The mortgage bonds were a way for the bank to raise funds. The bonds, nominal value 100 rubles, were sold to the public by the borrower or the bank. The bank guaranteed redemption of the bonds with its capital and the mortgaged property. A market developed for these bonds. Initially, the market price fluctuated between 81 and 93.25 rubles. Due to the Russo-Turkish War (1877–1878), the price dropped to 78 rubles. When prices rebounded and stabilized at 92–96 rubles, Russian government ordered to lower the interest rate to 5% in 1886. In 1895, the bonds traded at 99–102 rubles and the government lowered the interest to 4.5%. In 1900, among Russian land banks, only Moscow Land Bank had more outstanding mortgage bonds. During the Russian Revolution of 1905, the bond price dropped to 68 rubles. After the revolution, the market recovered and in early 1913 Vilnius Land Bank had 146.5 million rubles worth of mortgage bonds outstanding. In 1913 they traded at an average of 86 rubles.

===Capital and reserves===
According to banking regulations, the bank could lend not more than 10 times its capital. Therefore, as lending increased every year, new shares had to be issued almost annually. Up to 1902, the bank issued 33,700 additional shares (nominal value 250 rubles). The shares were first offered to existing shareholders who often bought majority of the new shares using their annual dividends. In 1896, Vilnius Land Bank had third largest capital among land banks after Moscow and Kharkiv banks. In 1898, Vilnius Land Bank had a profit of 1.6 million rubles, second largest after Moscow Land Bank (1.9 million). In 1912–1914, Vilnius Land Bank was the second largest, after the Bank Handlowy w Warszawie, among Polish banks in terms of capital. The annual dividend grew from 4.35% in 1873, 8% in 1874, and 14.0–14.9% in 1878–1885, to 16% in 1896–1900. The dividends dipped to 13.12% in 1904. The bank took great care to keep the dividend high and consistent, cutting bonuses for board members and even reducing bank's capital in a bad year. The capital grew to 10.6 million rubles in 1913–1914. This capital was used to provide short-term loans and any excess was required to be invested in Russian government bonds.

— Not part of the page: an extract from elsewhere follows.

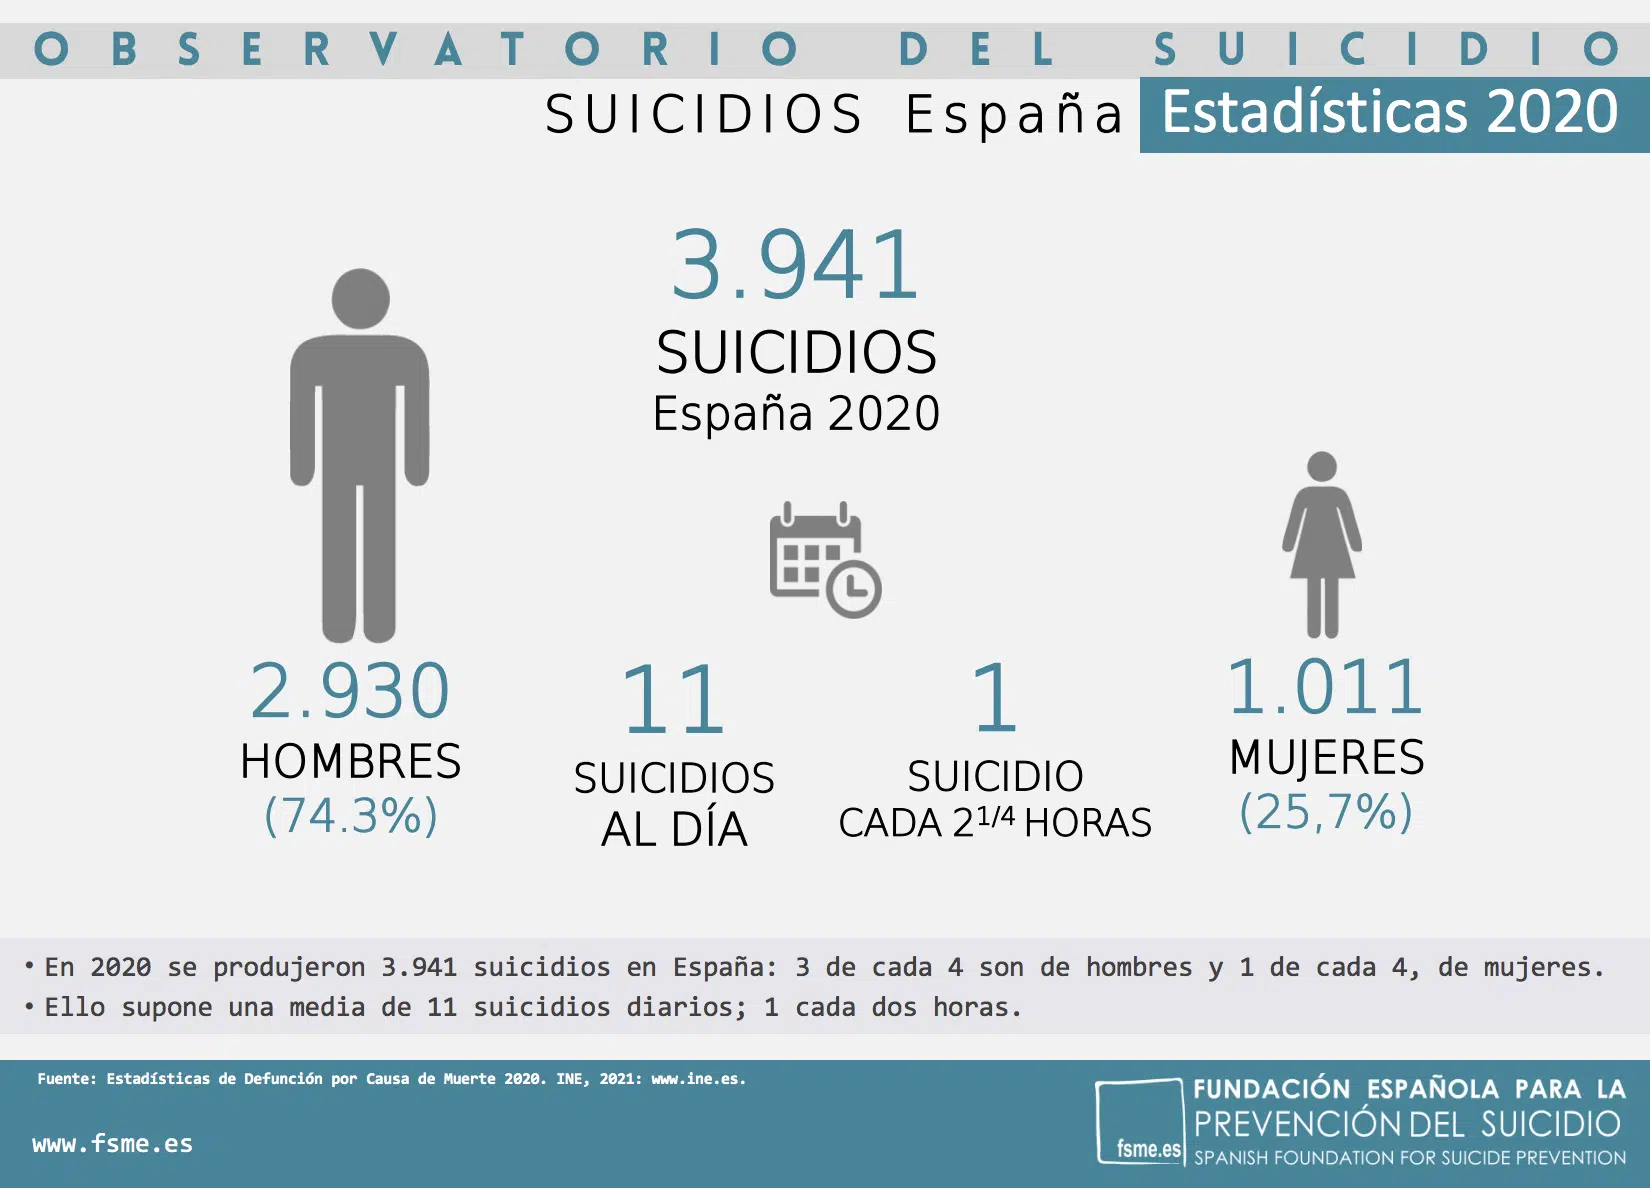 Hablar del suicidio para abordar su prevención: En 2020 en España se suicidaron 3.941 personas, 11 al día

The bank was also required to have a reserve capital which could be used to cover losses, guarantee 8% annual dividend, or timely payment of interest on mortgage bonds in case of a borrower's default. The reserve capital had to be at least a third (later half) of its stock capital and at least a third of it had to be invested in Russian government bonds or deposited with the State Bank of the Russian Empire. Investment income from Russian government bonds and 5% of annual profit were transferred to this reserve capital. From 1883, newly issued shares were required to be sold at a premium over the nominal face value to build up the reserve. The bank achieved the required reserve level (4.8 million rubles) in 1904. From 1899, the bank had a second special reserve to cover investment losses. Due to requirements of keeping capital invested (mostly stocks of railway companies and Russian government bonds), the bank suffered significant losses (10.4 million rubles) in 1900–1905.

==After World War I==
Vilnius Land Bank returned to its old headquarters in Vilnius, now part of the Second Polish Republic, in 1920 and continued to issue mortgages and mortgage bonds. The bond interest rates varied between 4.5%, 5%, 8% and 10%. The bonds were denominated both in Polish złoty and in U.S. dollars until the 1934 devaluation of the U.S. dollar. In the post-war years, the bank raised its capital only twice, in 1925 and 1928, but continued to keep its annual dividend high at 8% to 13%. It continued to pay the annual dividend even during the Great Depression. However, its lending volume in 1930 was only 23% of pre-war lending. In 1935, the bank organized an auction for 160 urban properties and 447 rural properties encompassing approximately 400000 ha of land. In 1936, it was ranked the 8th largest private bank in Poland in terms of capital (6.3 million złoty); at the time, it had total assets of 114 million złoty. Aleksander Meysztowicz was chairman of the bank for most of the interwar period (1918–1926, 1932–1939).